Why Austin might not see 100-degree weather until July

Weather Blog

AUSTIN (KXAN) — May 2021 was the fourth wettest May on record at Austin-Bergstrom International Airport with over a foot of rainfall in the bucket. Camp Mabry was wetter than average as well, with 7.23″ of rain, surpassing the May average of 5.04″.

All of this rain has eliminated the drought conditions we had heading into spring, but it’s also had another benefit — delaying the brutal summer heat.

Wet weather corresponds to cooler temperatures as the clouds and rain help keep temperatures from rising too high. This is opposed to a sunny and dry day when temperatures can rise a lot higher.

Proof of this comes from this past month where we saw above average rainfall and 21 cooler than normal and 2 normal temperature days.

This trend has continued into the month of June as rain and cooler temperatures have also continued into the first week of the month.

In addition to clouds and rain keeping us cool in the short term, waterlogged soils can help moderate temperatures in the long term, even after we see a stretch of sunny and dry weather. This is because as moisture in the ground evaporates, it causes the air to absorb it. And air with moisture in it takes longer to heat than air that lacks it.

As a result, it has a cooling effect to the air at the surface. And with much of Central Texas seeing close to (if not more than) a foot of rain in the month of May — with more rain on the way — it’s safe to say our soils are saturated.

The Climate Prediction Center is forecasting the wetter and cooler than normal conditions to continue into at least the middle part of the month.

Possibly no 100-degree days until July

So what does that mean?

Well, as we continue into the month of June, our average high temperatures continue to rise.
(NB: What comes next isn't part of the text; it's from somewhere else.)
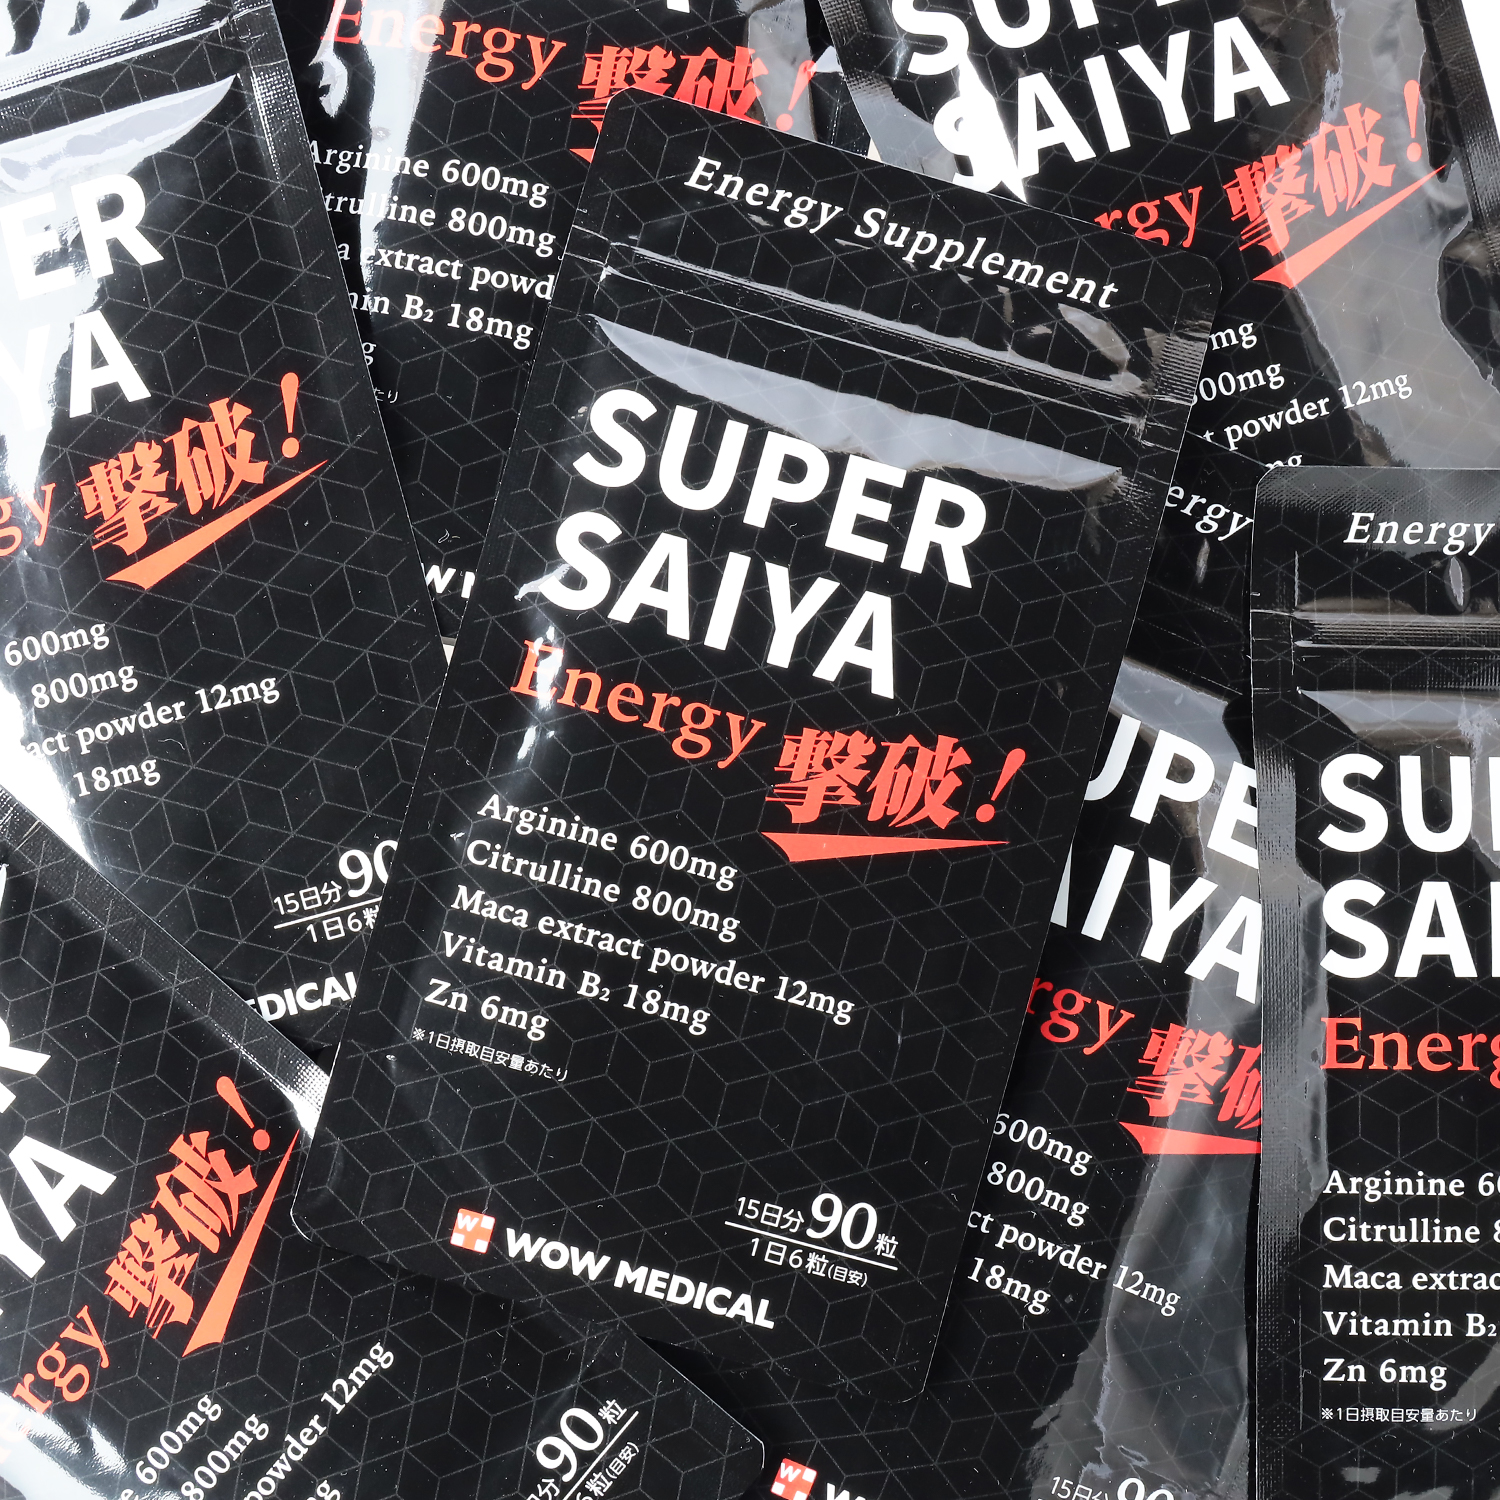 新商品 日本発 40 50代男性のためのエナジーサプリメント Super Saiya エナジー撃破 Amazonにて限定発売 Wow Medical株式会社のプレスリリース

The average high on June 1 is 91 degrees. By June 15 it rises to 93 degrees. And by June 30 the average high is 95 degrees.

With long-range forecasts continuing to point toward wetter and cooler than normal conditions through at least the middle of June, it’s likely that our first 100-degree day will be after the average date of July 4. This will be due to continued cloudy and rainy days as well as saturated soils keeping temperatures down even on sunny days.

Will we make it through 2021 without hitting 100 degrees?

Making it an entire summer in Austin without 100 degrees is doubtful. The last time Austin made it a full year with no 100-degree days was 1987.

The first day of summer is June 20, and it ends on Sept. 22. And Austin has seen numerous 100-degree days in every one of these months even on years with wet springs like we’ve seen this year.

So for now, enjoy the “cooler” than normal temperatures, because 100-degree days will be here before long!